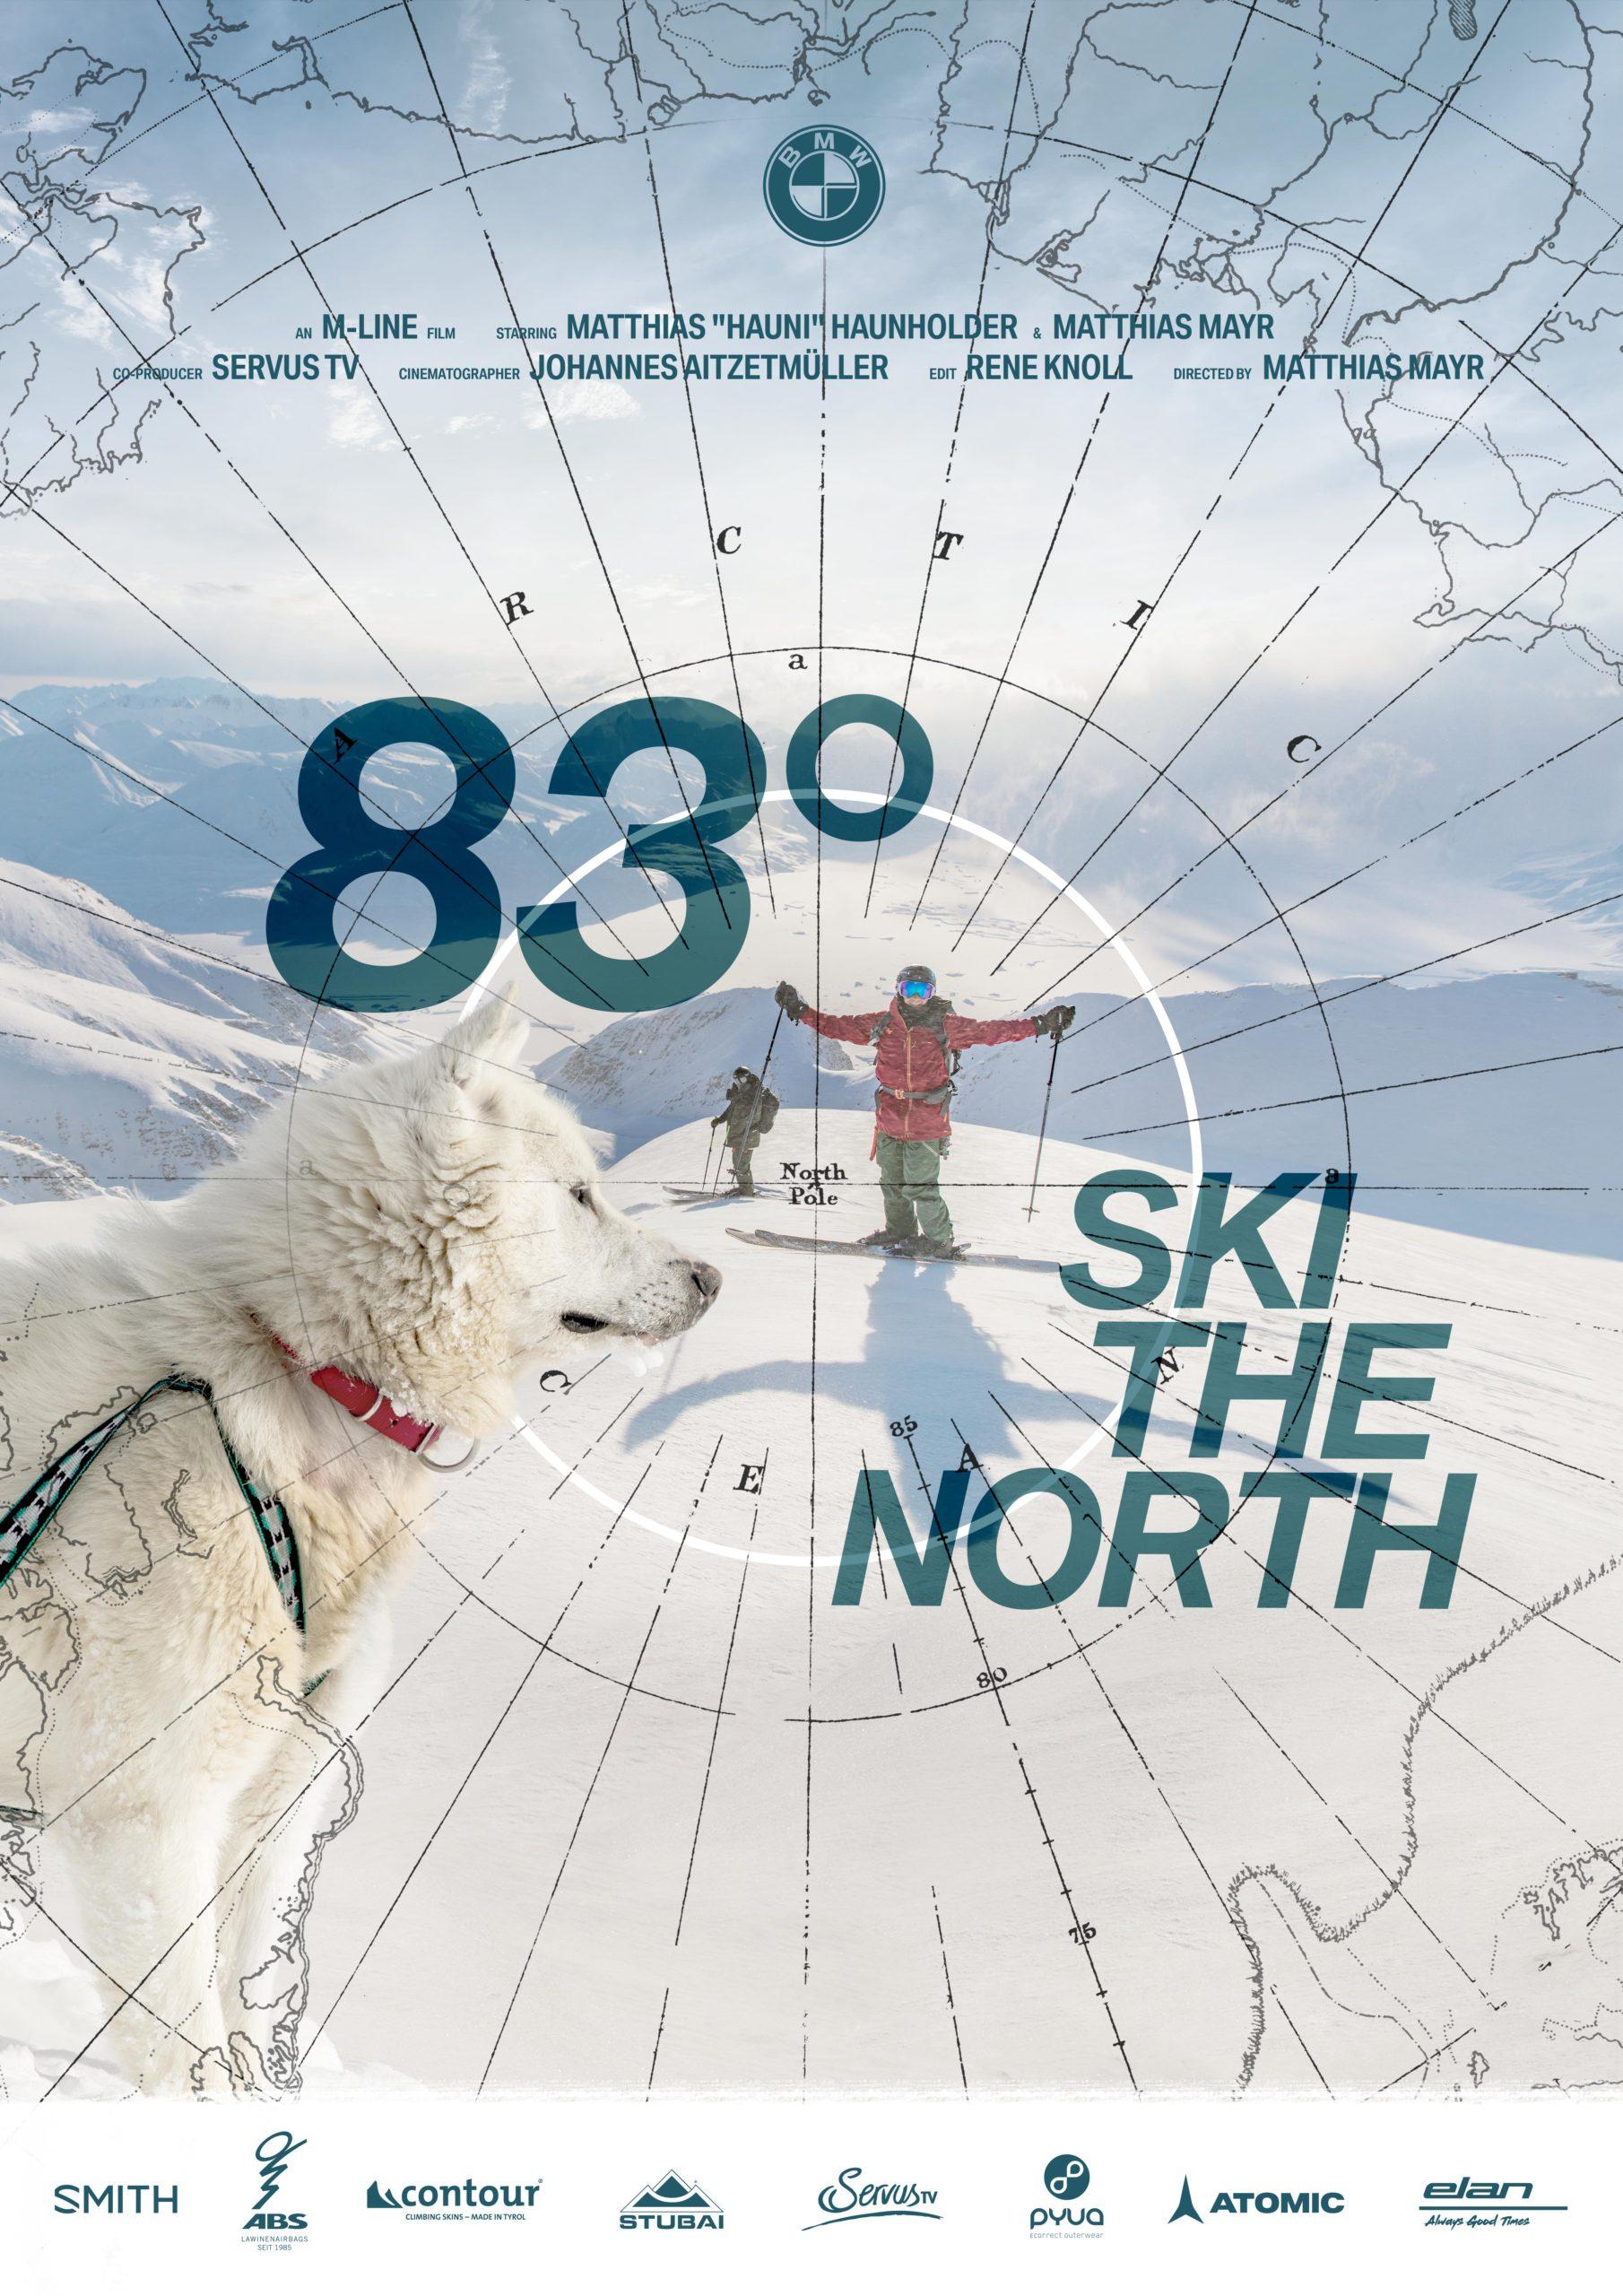 83° Ski The North
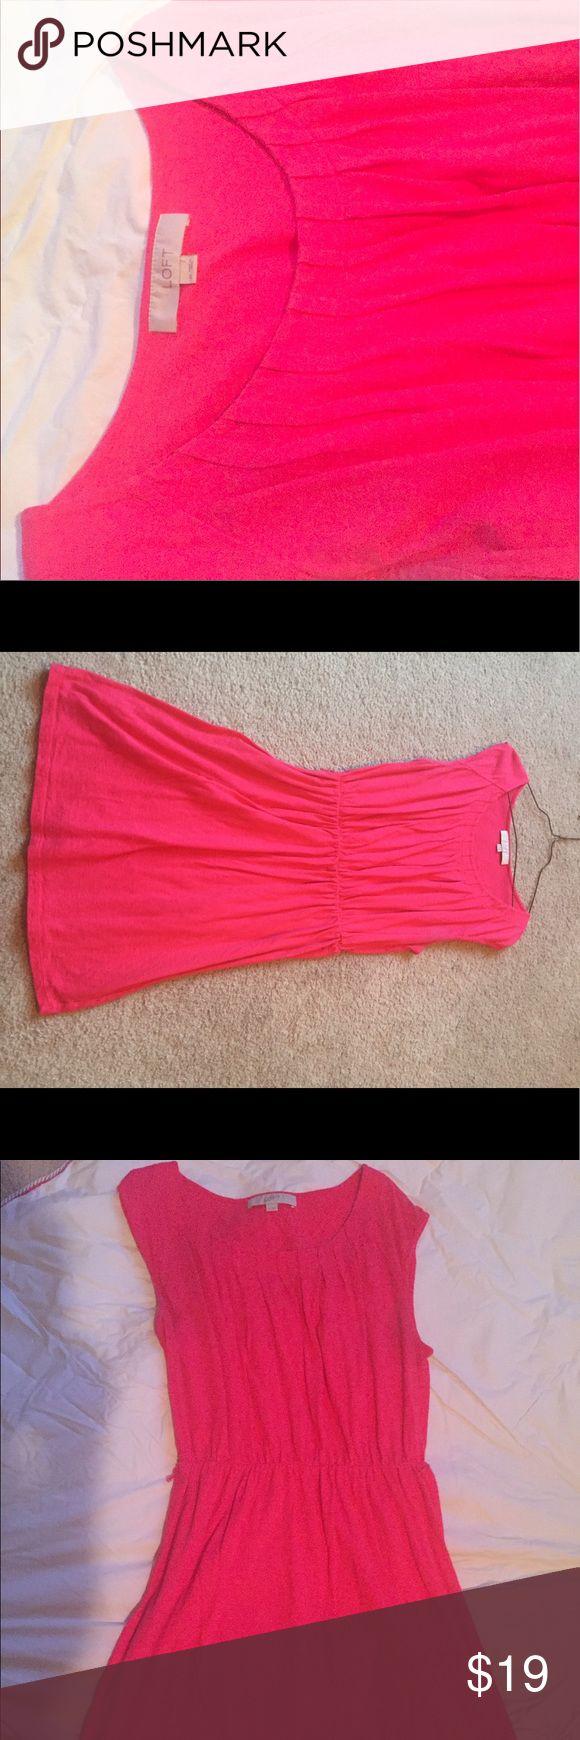 LOFT, PINK DRESS LOFT, PINK DRESS, wear for office work or weekend outing in HOT SUMMER DAY! LOFT Dresses Midi
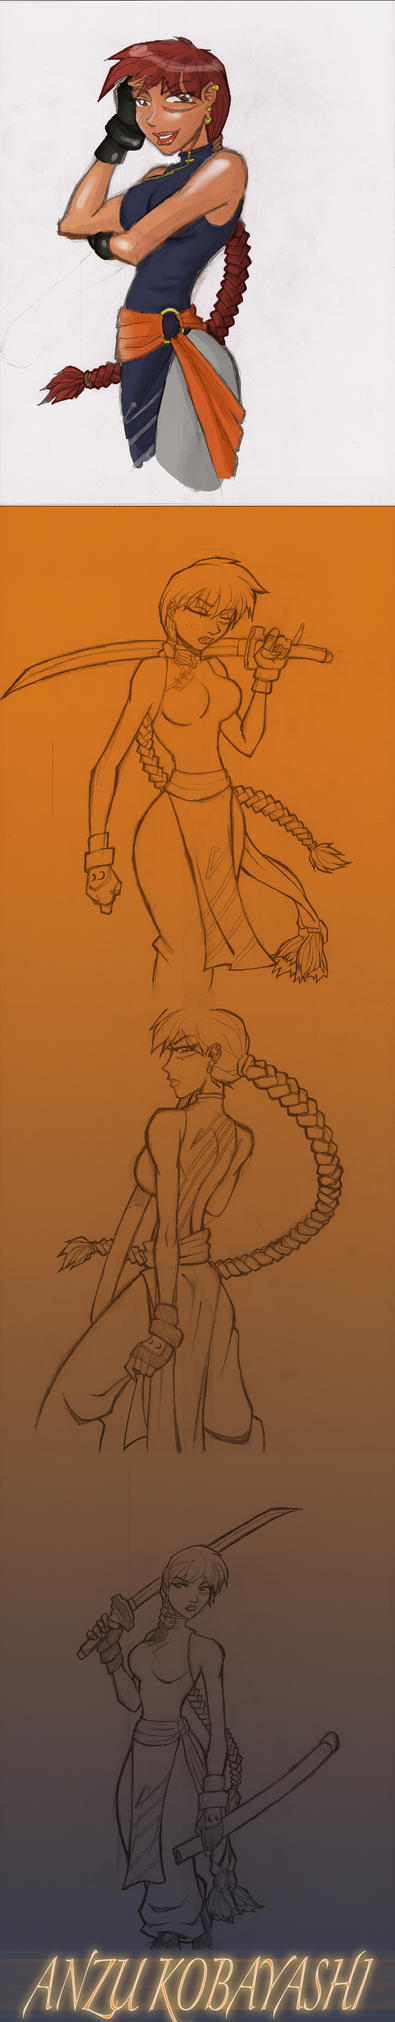 SakuraBowl Anzu by Ransak-the-Reject
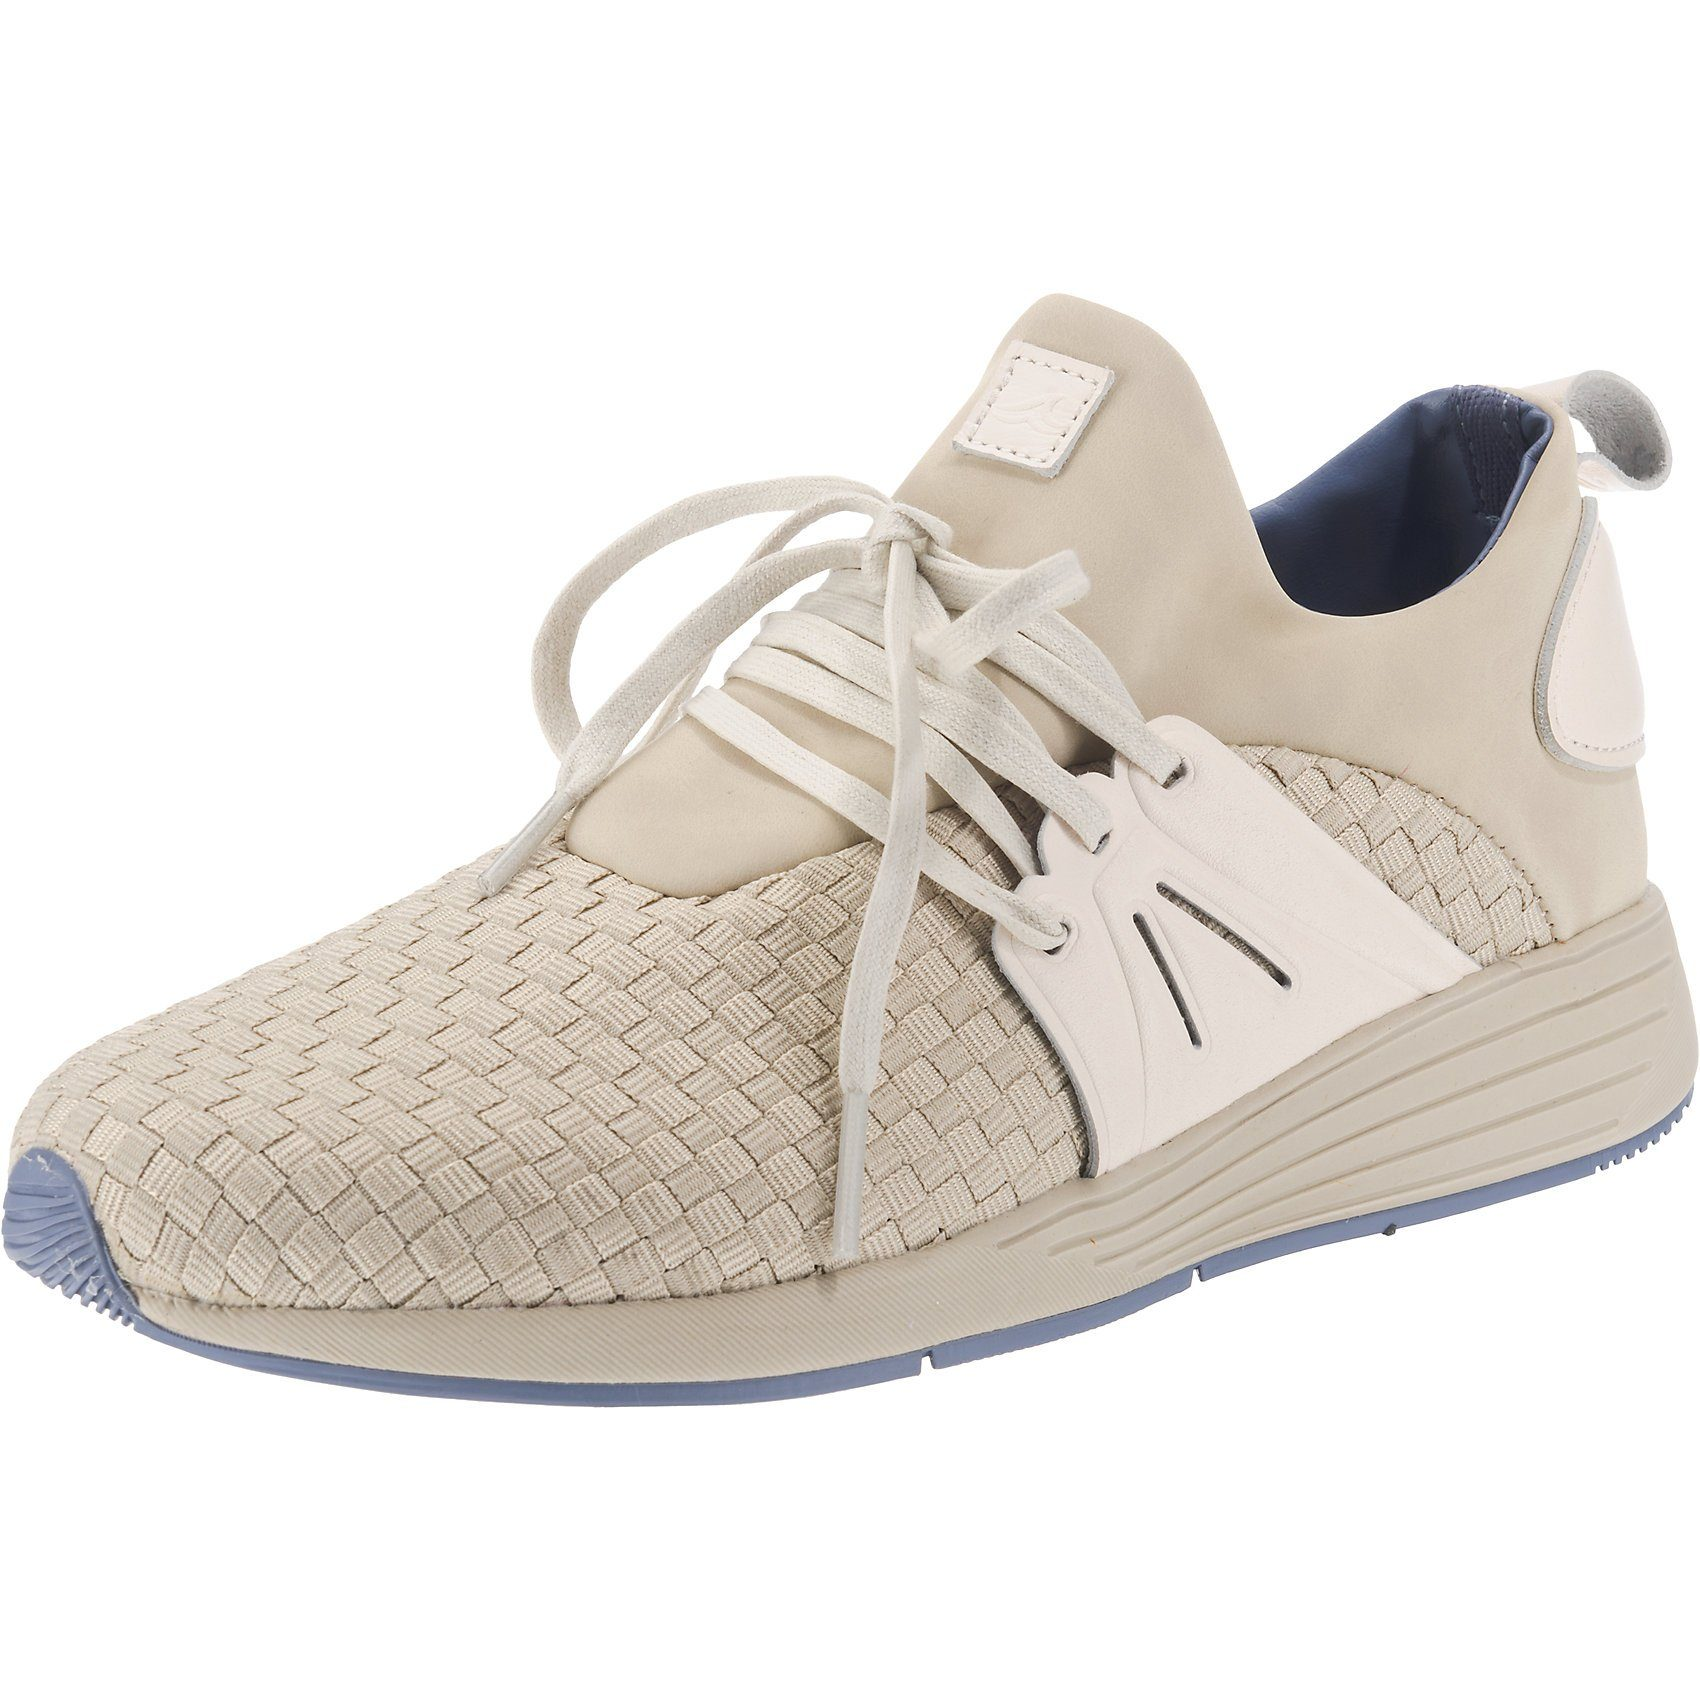 Project Delray Wavey Sneakers Low online kaufen  creme

Required work
Every line above is to be returned exactly, with its pictures removed.

Response to this task
 83° Ski The North
 LOFT, PINK DRESS LOFT, PINK DRESS, wear for office work or weekend outing in HOT SUMMER DAY! LOFT Dresses Midi
 SakuraBowl Anzu by Ransak-the-Reject
 Project Delray Wavey Sneakers Low online kaufen  creme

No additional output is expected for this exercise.